I'm wondering if somebody can help me.

I'm doing some research on the construction market in Dubai and desperately trying to find someone who works for the procurement department of one of the big contractors like Laing O Rourke, Carrillion, Al Naboodah, Habtoors, Murray & Roberts etc.

I've got a few questions I'm hoping they can answer for me.

Could anybody help point me in the right direction?

thanks
Chris


----------



## sgilli3 (Mar 23, 2008)

Hi Chris,
I saw your wife (?) is also asking the question on "another site" 

Hopefully someone will be able to help you with your enquiry.
i think there are a few on the board (s) who are in the industry (like us), but not sure if they work for the above mentioned companies.

Good luck


----------



## ifu95702 (May 20, 2008)

thanks, yes it is my wife.... i'm trying all avenues! )


----------



## Ogri750 (Feb 14, 2008)

I work for ETA Ascon, the M&E Division. Not directly in procurement, but certainly have an input in purchasing, so I possibly may be able to give some help


----------



## ifu95702 (May 20, 2008)

Hi Ogri,

I tried to send you a private message in response to your post but I'm not sure if you got it.

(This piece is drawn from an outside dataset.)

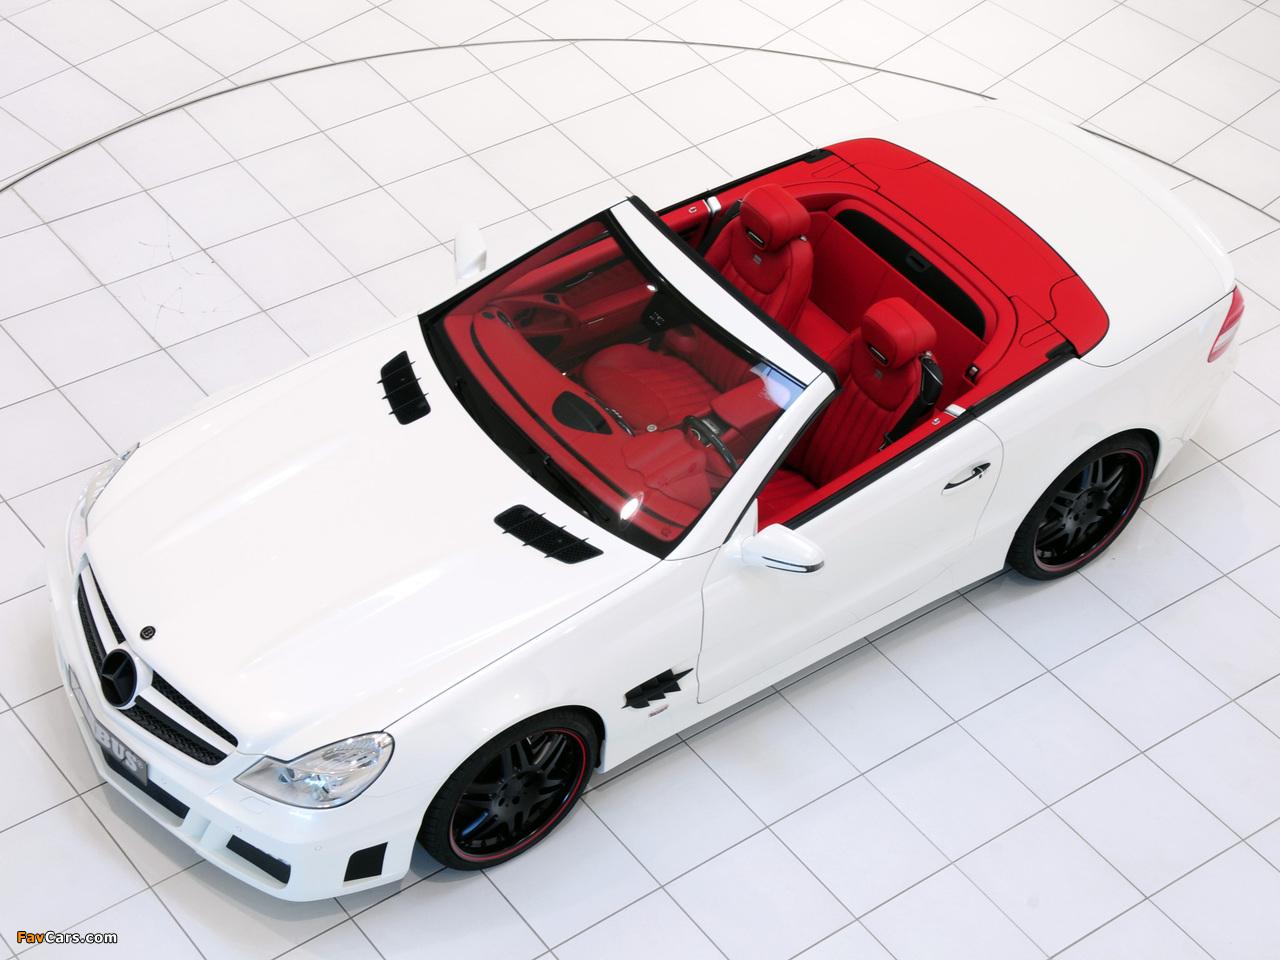 Brabus S V12 R (R230) 2009 images (1280 x 960)

My wife tells me I need to have made a certain number of posts before I can send PM's.

Did you receive it?

thanks
Chris


----------



## Wilfie (Jul 24, 2008)

Hi, I will be starting with Al-Futtaim Carillion in a couple of weeks in the Supply Chain Team - 7th Sep to be precise. Let me know what your after and I may be able to get some answers for you.


----------



## ifu95702 (May 20, 2008)

Thanks Wilfie,

I'll try to send you a PM, let me know if you don't get it in the next hour....

best regards
Chris


----------